Monsoon rains exacerbated by a rare tropical storm caused flash floods and triggered landslides across Aceh, North Sumatra, and West Sumatra in late November, killing 969 people and injuring more than 5,000 as of Wednesday, as search efforts continue for 252 others who remain missing.

In the worst-hit areas, residents were cut off from power and communication for days, as floodwater destroyed bridges and torrents of mud from landslides blocked roads, hampering rescue efforts and aid delivery to isolated villages.

When access to the affected regions gradually improved and the scale of the disaster became clearer, clips of washed-up trunks and piles of timber crashing into residential areas circulated widely online, showing how the catastrophic nature of the storm was compounded by deforestation.

“This is real, we’re seeing the evidence today of what happens when a disaster strikes, how deforestation plays a major role in the aftermath,” Rubama said.

For decades, vast sections of Sumatra’s natural forest have been razed and converted for mining, palm oil plantations and pulpwood farms.

Around 1.4 million hectares of forest in Aceh, North Sumatra and West Sumatra were lost to deforestation between 2016 and 2025 alone, according to Indonesian environmental group WALHI, citing operations by 631 permit-holding companies.
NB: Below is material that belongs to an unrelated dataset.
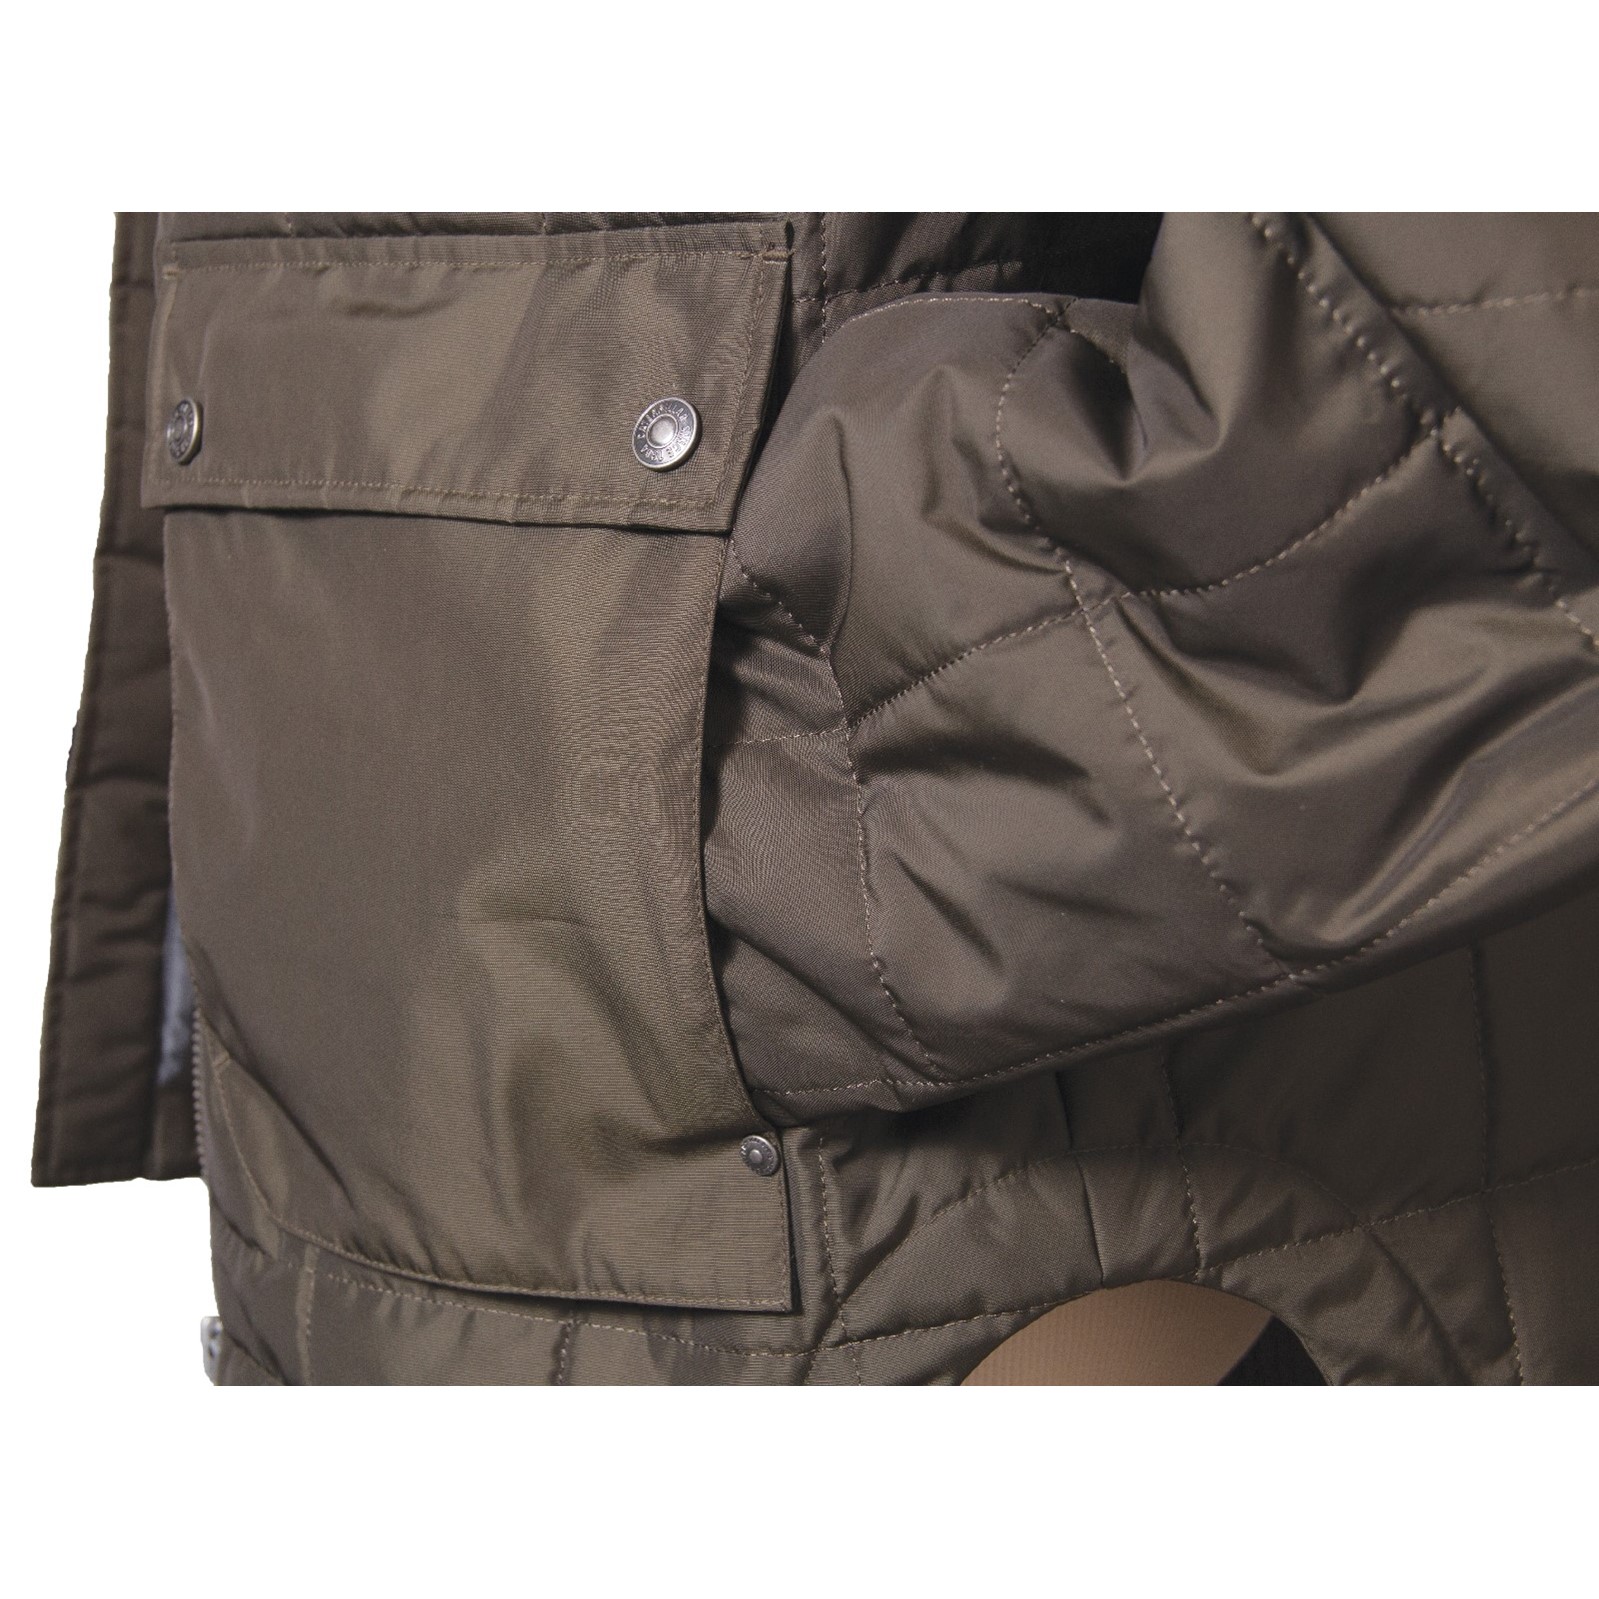 Terrain Jacket - First Safety

Deforestation in Sumatra stripped away natural defenses that once absorbed rainfall and stabilized soil, making the island more vulnerable to extreme weather, said Riandra Purba, executive director of WALHI’s chapter in North Sumatra.

Purba said the Sumatra floods should serve as a “serious warning” for the government to issue permits more carefully.
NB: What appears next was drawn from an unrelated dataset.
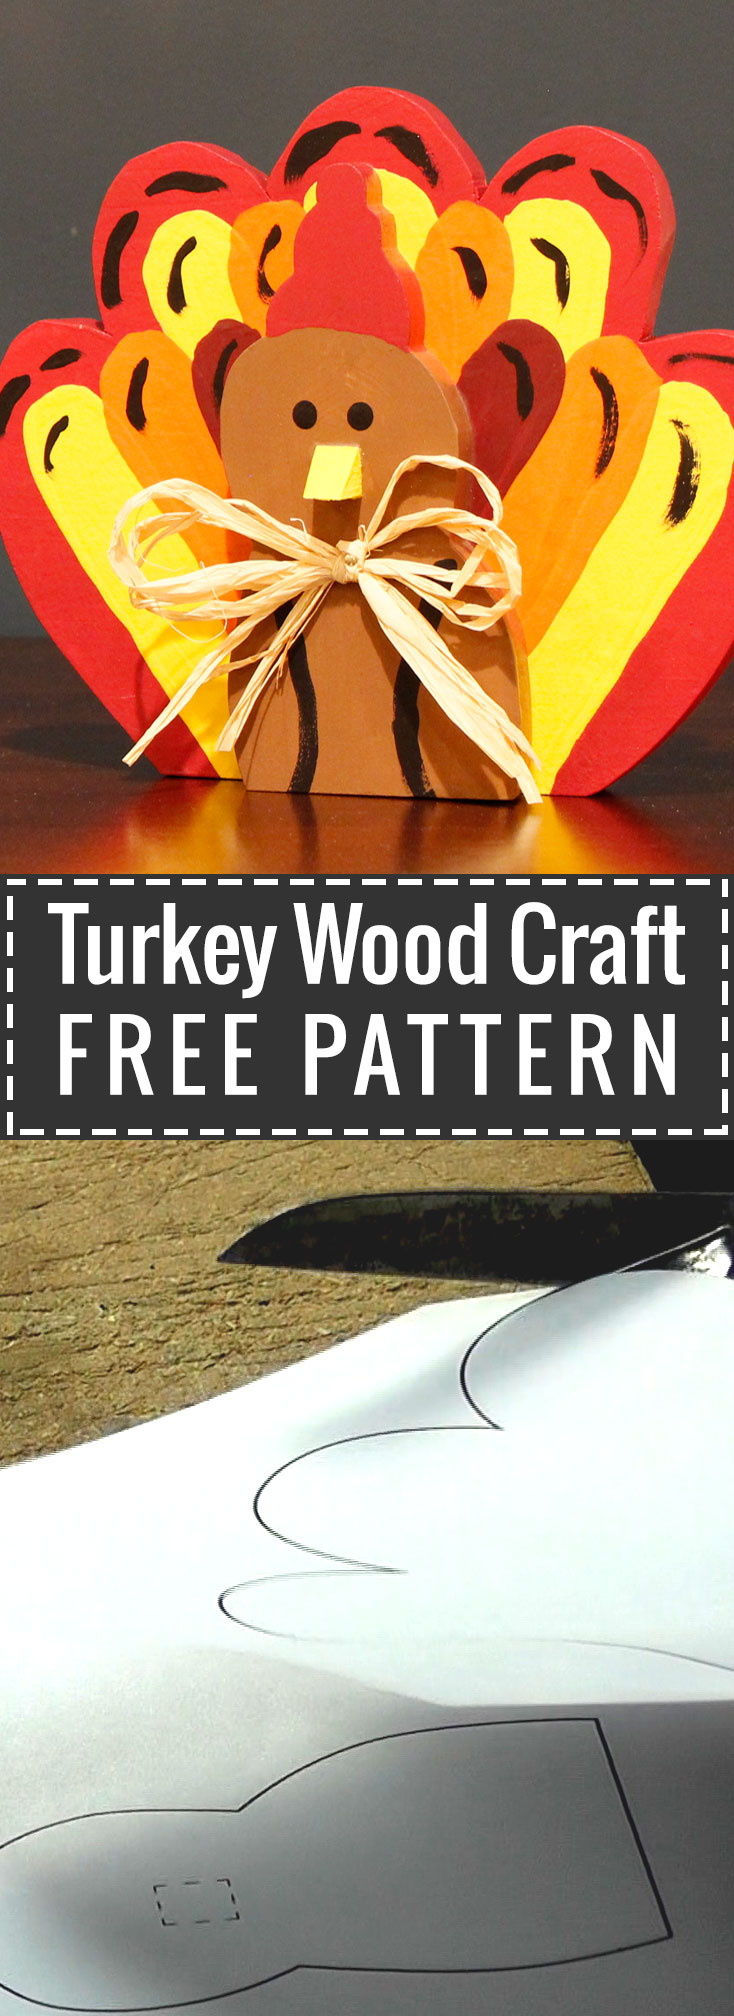 Turkey Wood Craft Free Pattern
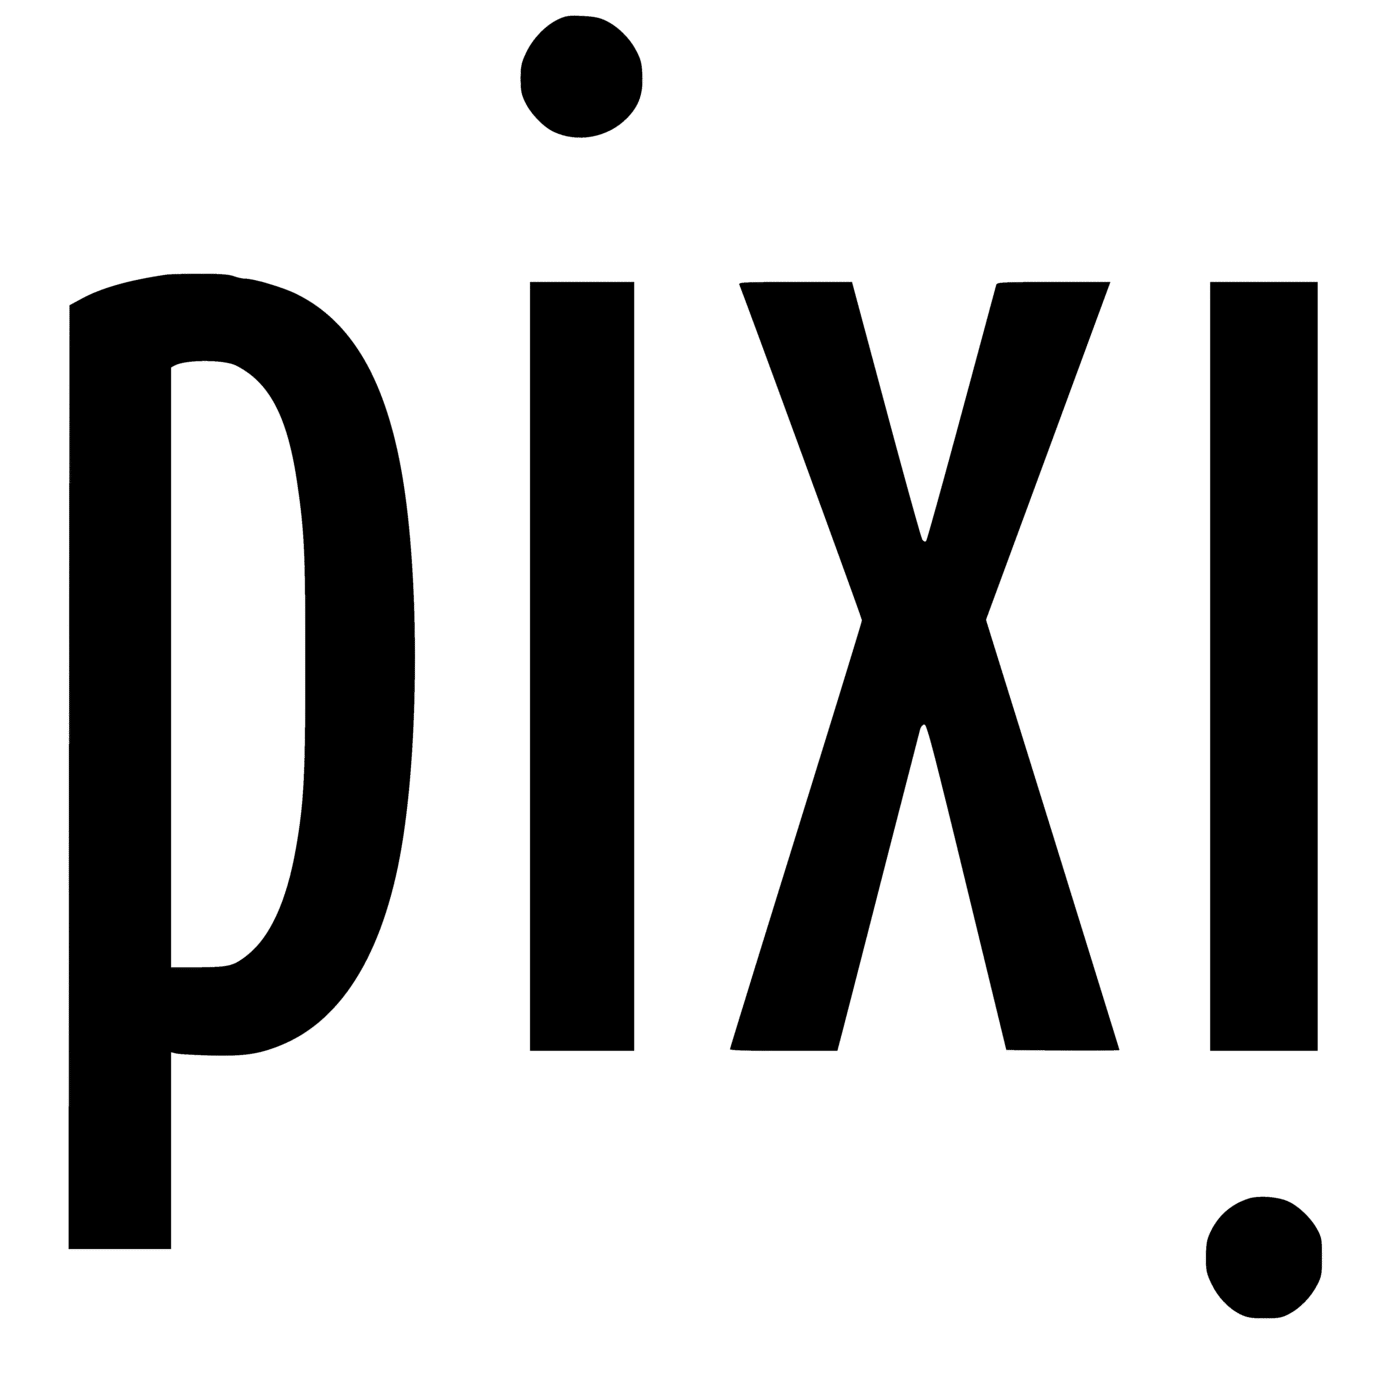 Pixi_logo copy

“Balancing natural resource management requires a sustainable approach. We must not sacrifice natural benefits for the financial benefit of a select few,” he told Arab News.

“(The government) must evaluate all the environmental policies in the region … (and) implement strict monitoring, including law enforcement that will create a deterrent effect to those who violate existing laws.”
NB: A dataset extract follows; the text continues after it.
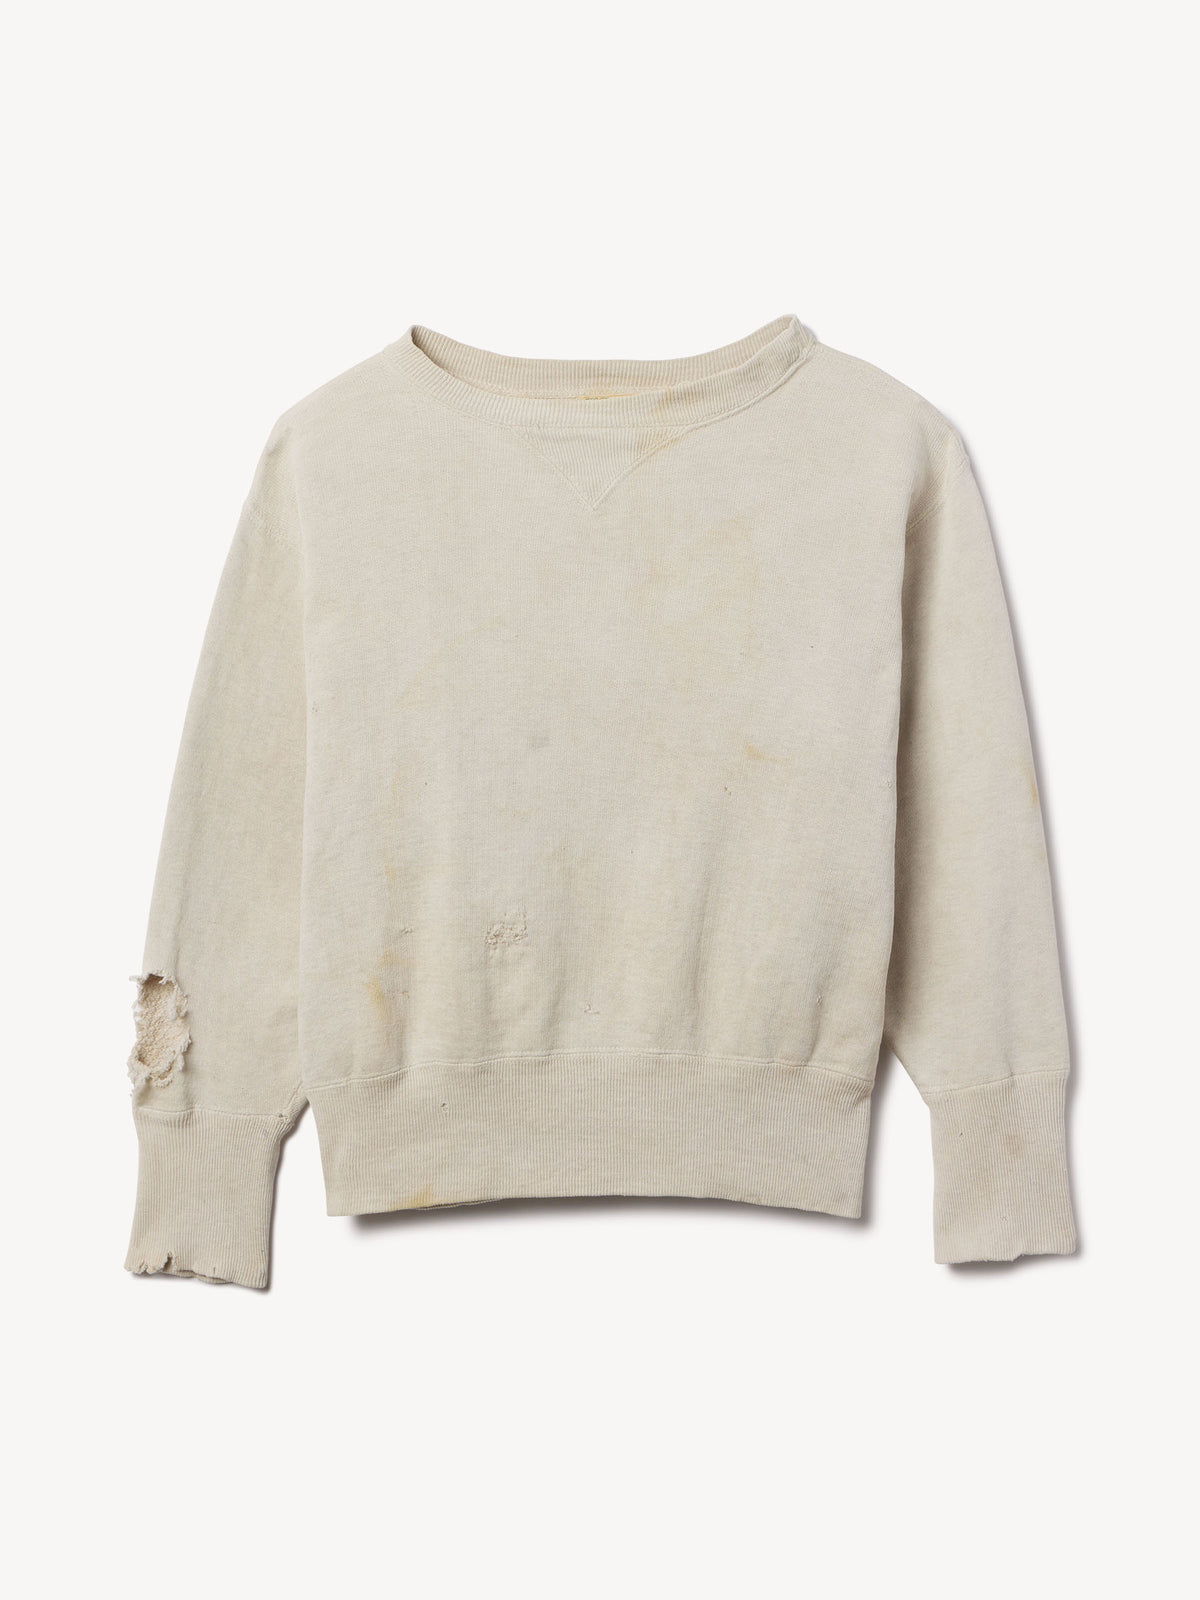 JC Penney's Crewneck Sweatshirt - 0232 - Product Flat

In Batang Toru, one of the worst-hit areas in North Sumatra where seven companies operate, hundreds of hectares had been cleared for gold mining and energy projects, leaving slopes exposed and riverbeds choked with sediment.

When torrential rains hit last month, rivers in the area were swollen with runoff and timber, while villages were buried or swept away.

As public outrage grew in the wake of the Sumatra floods, Indonesian officials, including Environment Minister Hanif Faisol Nurofiq, have moved to review existing permits and investigate companies suspected of worsening the disaster. 

“Our focus is to ensure whether company activities are influencing land stability and (increasing) risks of landslides or floods,” Nurofiq told Indonesian magazine Tempo on Saturday.

Sumatra’s natural forest cover stood at about 11.6 million hectares as of 2023, or about 24 percent of the island’s total area, falling short of the 30 to 33 percent forest coverage needed to maintain ecological balance.

The deadly floods and landslides in Sumatra also highlighted the urgency of disaster mitigation in Indonesia, especially amid the global climate crisis, said Kiki Taufik, forest campaigner at Greenpeace Indonesia. 

Over two weeks since floods and landslides inundated communities in Sumatra, a few villages remain isolated and over 800,000 people are still displaced. 

“This tropical cyclone, Senyar, in theory, experts said that it has a very low probability of forming near the equator, but what we have seen is that it happened, and this is caused by rapid global warming … which is triggering hydrometeorological disasters,” Taufik told Arab News.

“The government needs to give more attention, and even more budget allocation, to mitigate disaster risks … Prevention is much more important than (disaster) management, so this must be a priority for the government.”